- Episode no.: Season 5 Episode 4
- Directed by: Erica Hayes
- Written by: Nick Rutherford
- Production code: RAM-505
- Original air date: July 11, 2021
- Running time: 22 minutes

Guest appearances
- Keith David as The President; Christina Ricci as Princess Ponietta / Kathy Ireland; Michelle Buteau as the Sperm Queen;

Episode chronology
| ← Previous "A Rickconvenient Mort" | Next → "Amortycan Grickfitti" |

= Rickdependence Spray =

"Rickdependence Spray" is the fourth episode of the fifth season of the American television series Rick and Morty. It premiered in the United States on July 11, 2021.
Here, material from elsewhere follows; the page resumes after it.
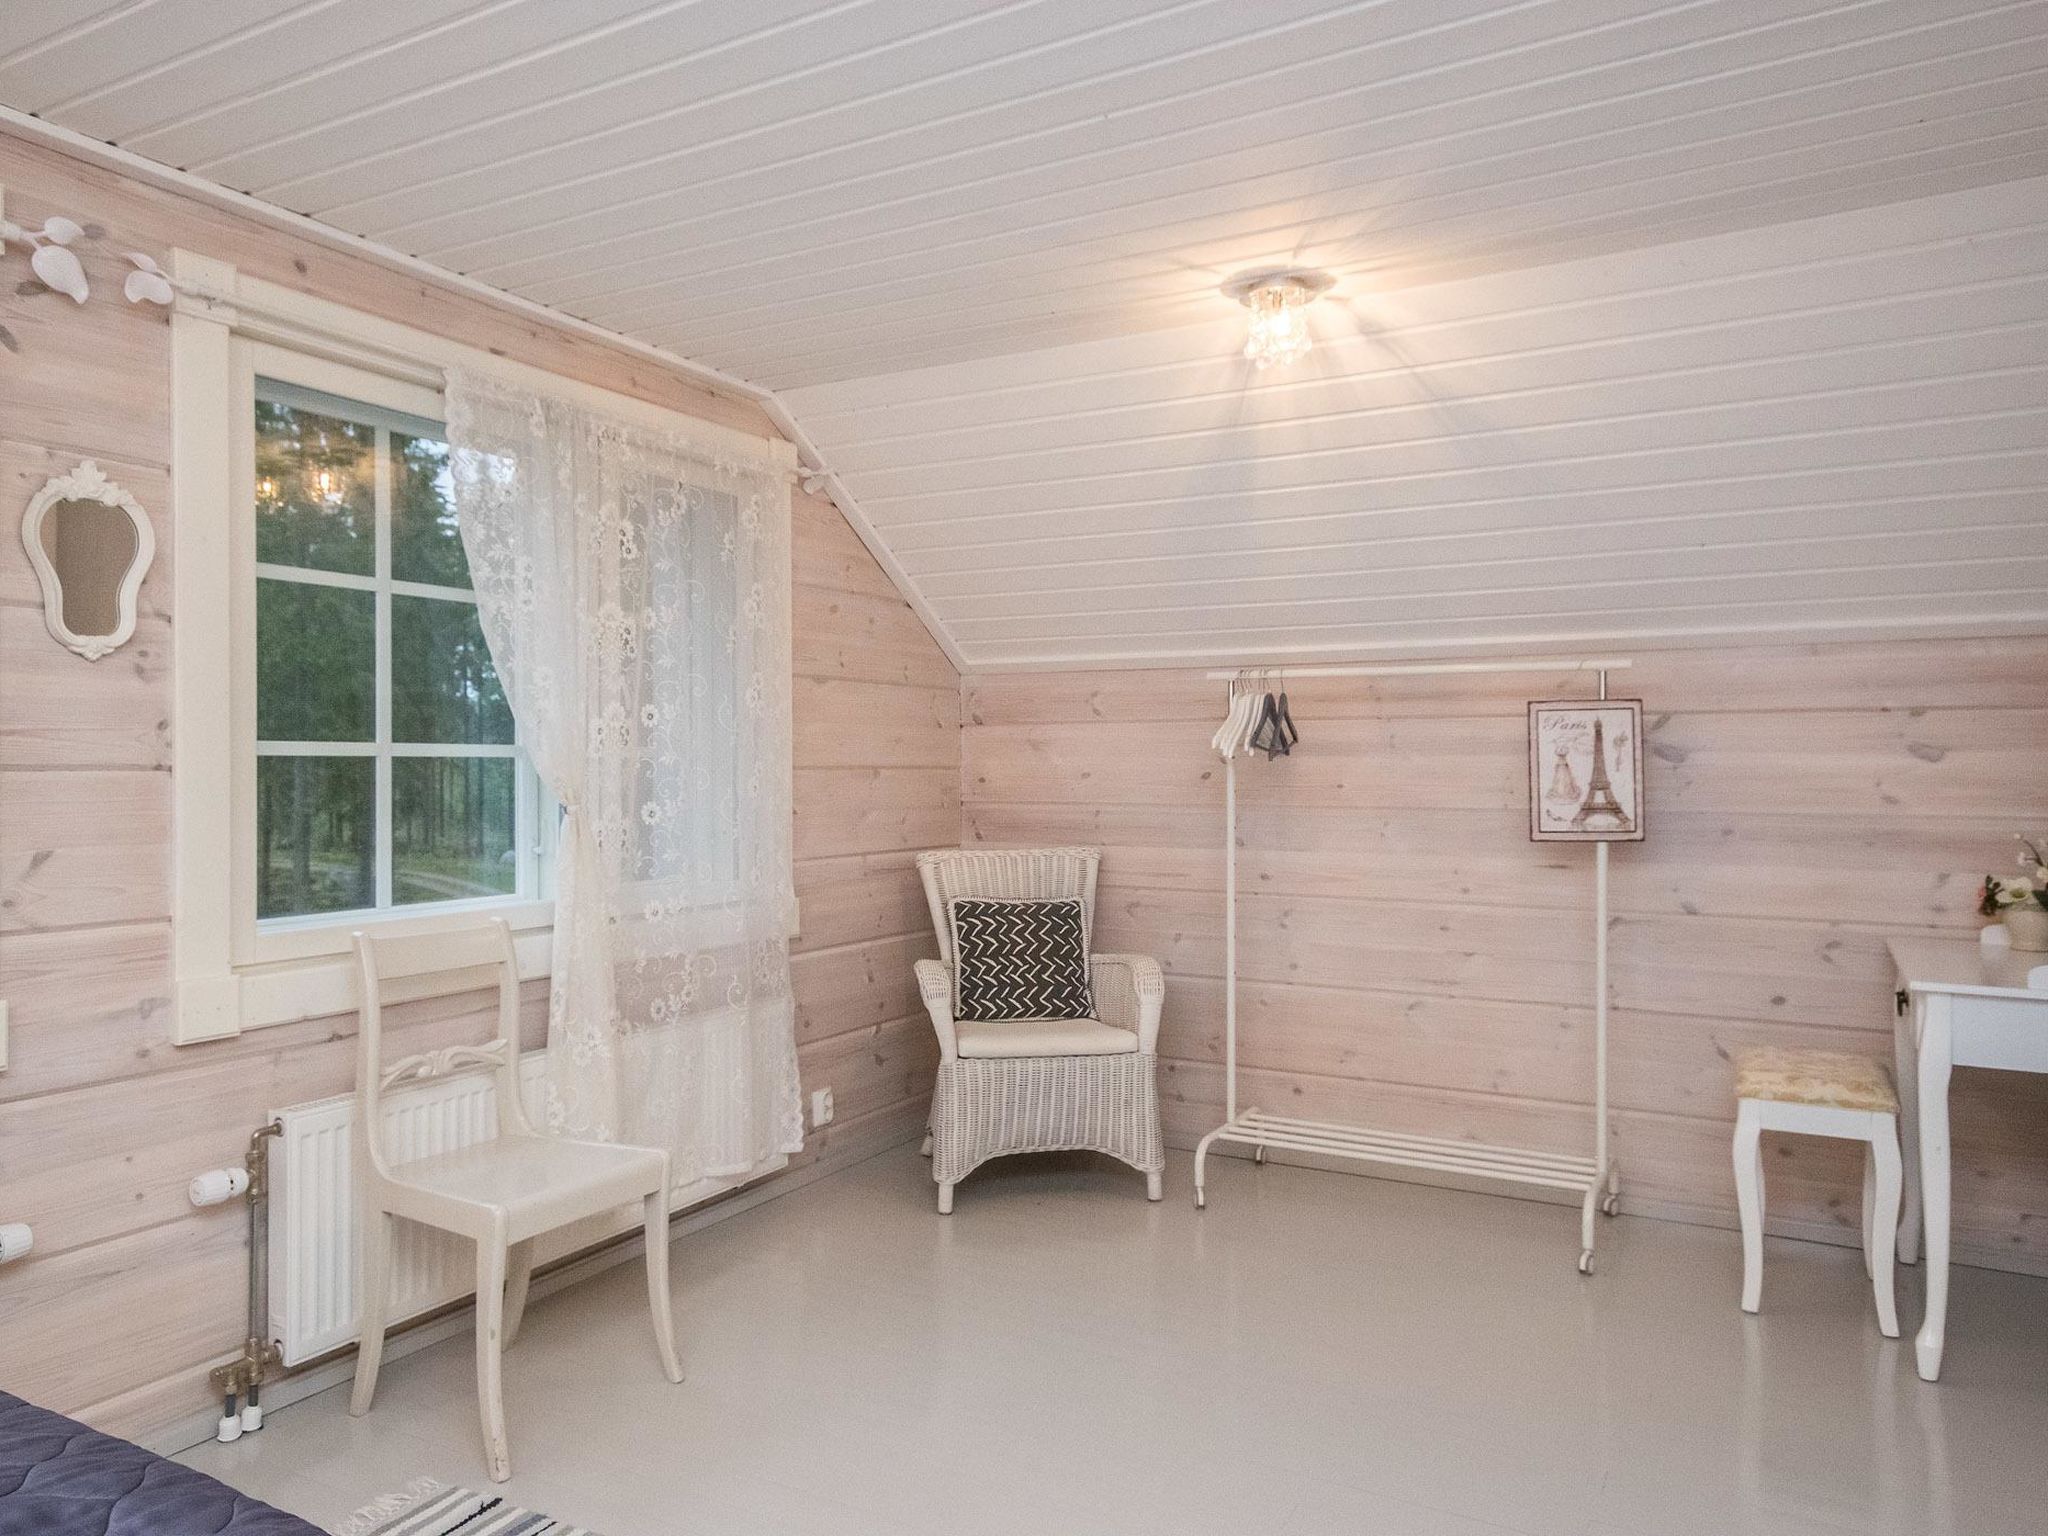 Photo 19 - 4 bedroom House in Savonlinna with sauna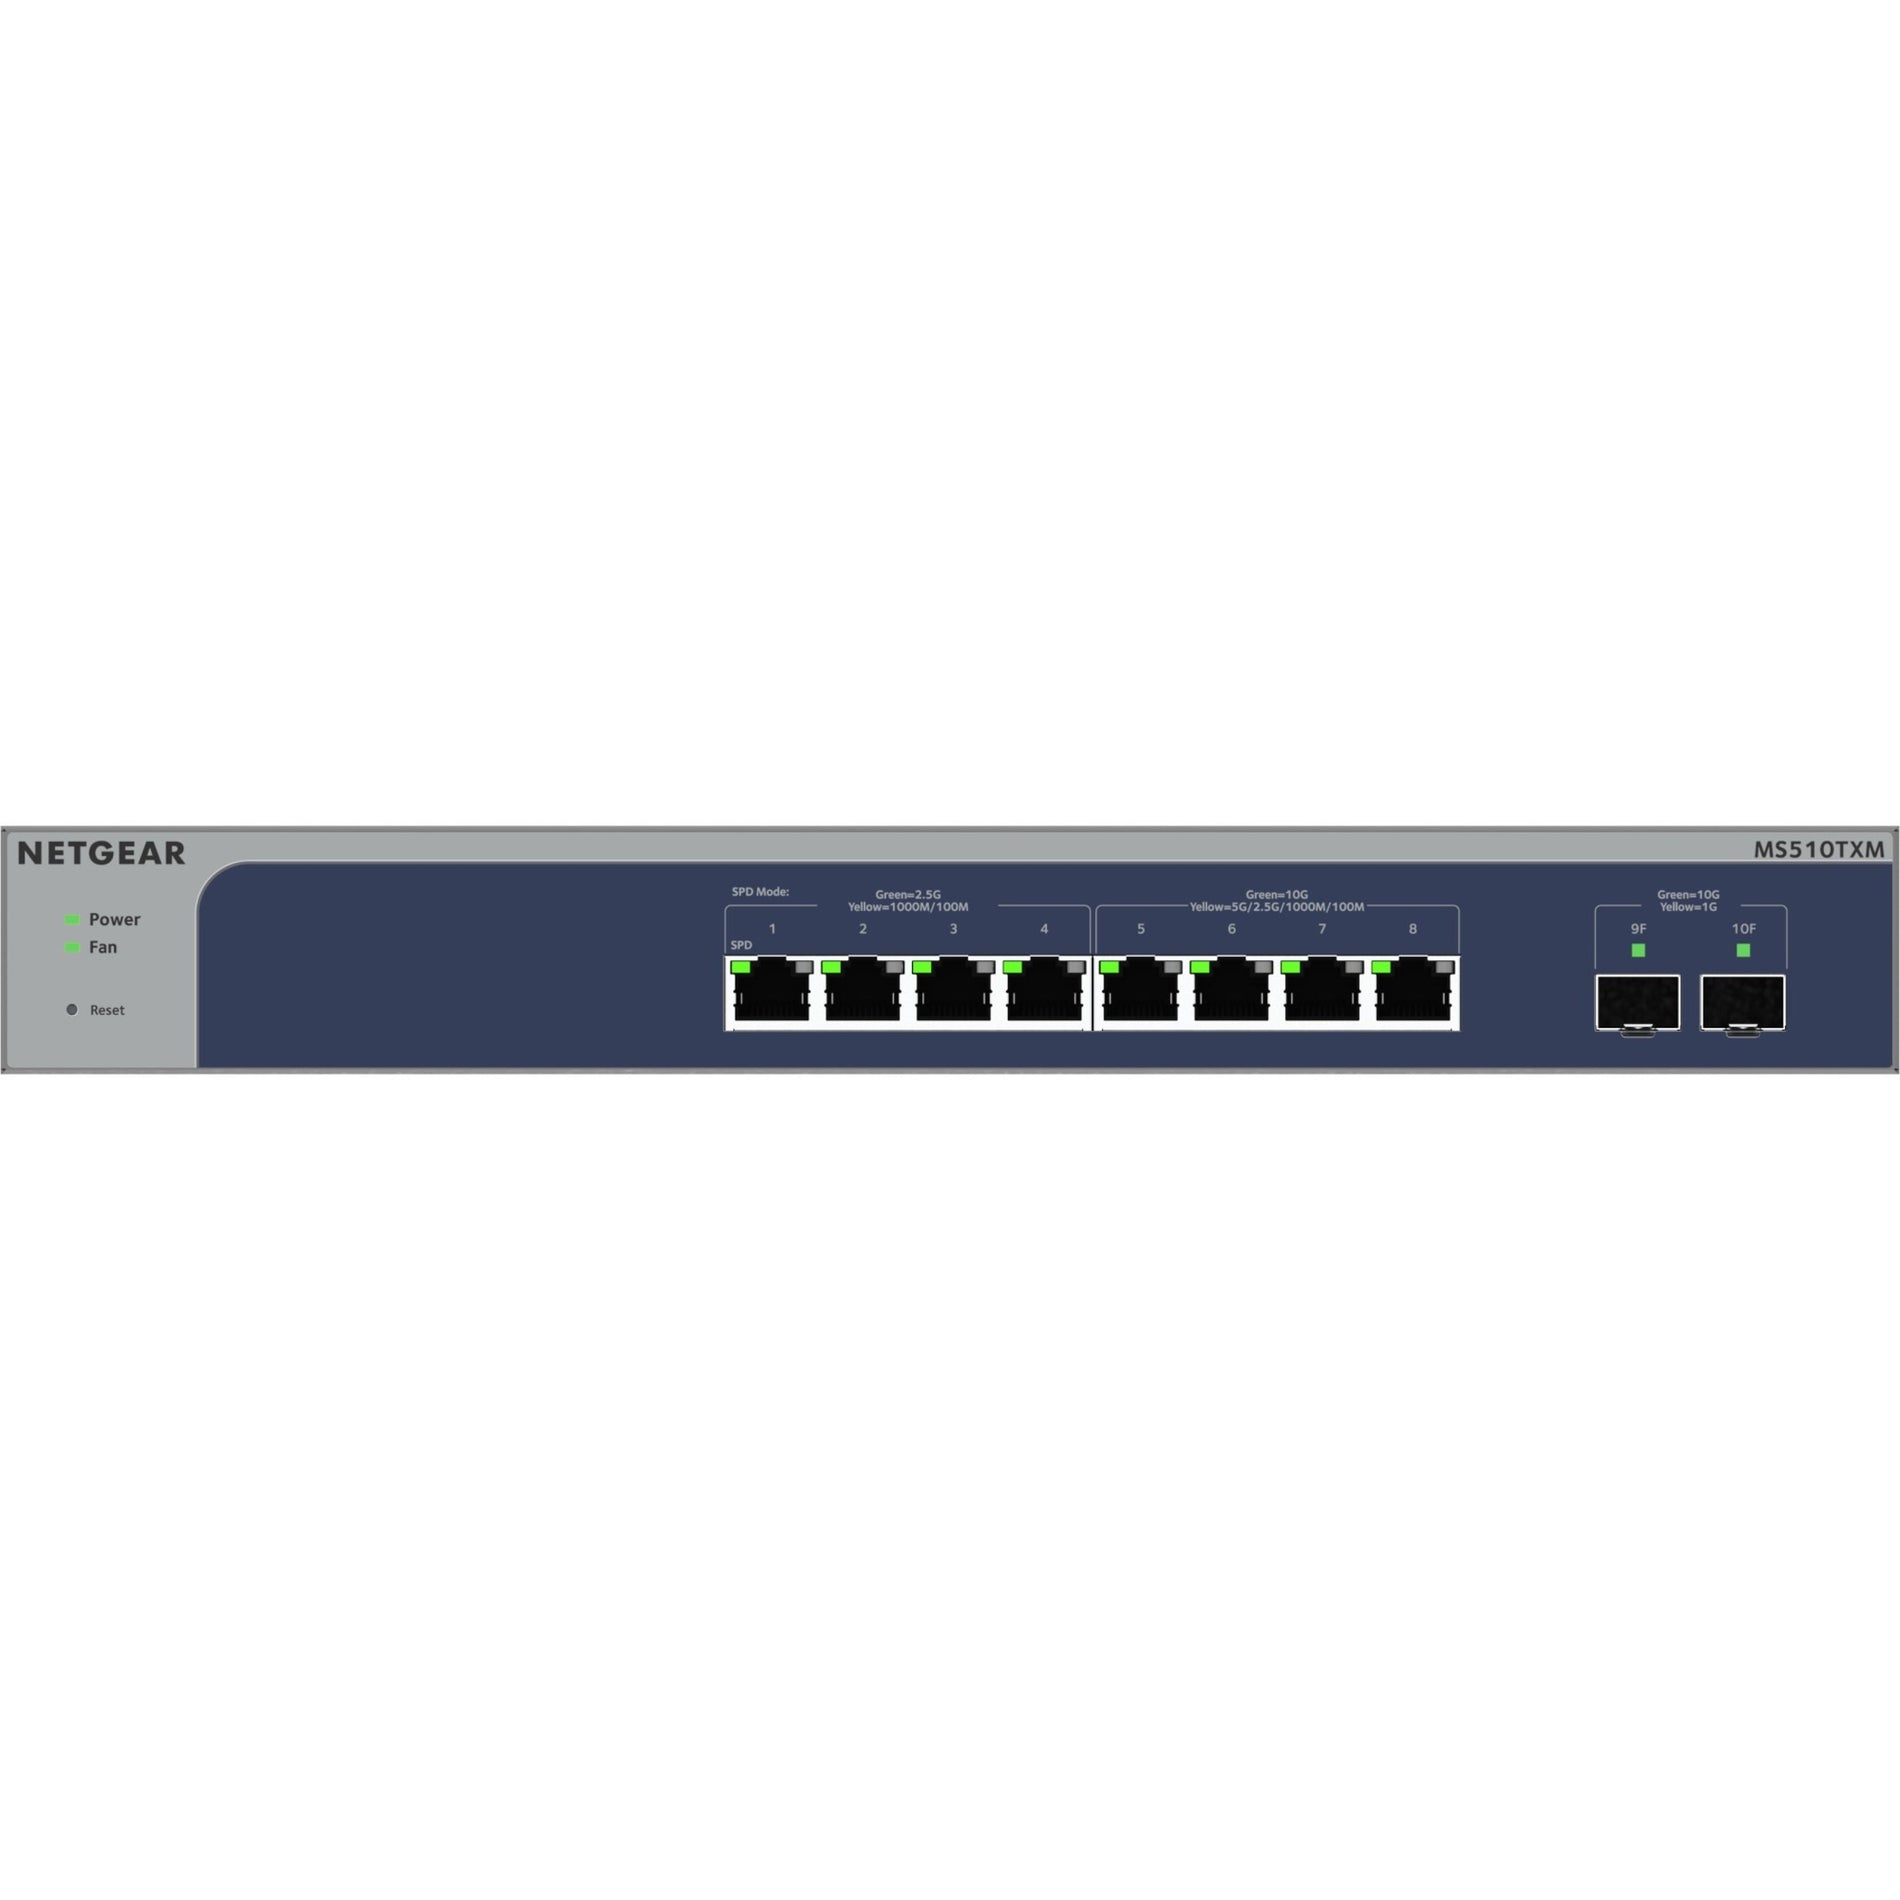 Netgear MS510TXM-100NAS MS510TXM Ethernet Switch, 8 Ports, 10GBase-X, 2.5 Gigabit Ethernet, Lifetime Warranty

In the episode, Morty notices the hospital's horse breeding program at Beth's workplace, takes an interest in it, and gets a volunteer job at the equine hospital in order to use it to masturbate. A week later, Rick borrows a barrel of "horse semen" from the hospital to create a biological weapon to use on the underground race of cannibalistic horse people called "chuds" he and Morty are fighting. Due to the challenging plot lines, some suspected it to be a series of dares issued by or placed on the show's writer's room. The episode was not well received by critics and fans alike, and many criticized the plot as overly far-fetched and silly.

==Plot==
While waiting for Beth to finish with her work, Morty finds a horse inseminator. Morty asks Beth if he could do a part job at her horse hospital after work which she agrees to. During which he masturbates with the inseminator.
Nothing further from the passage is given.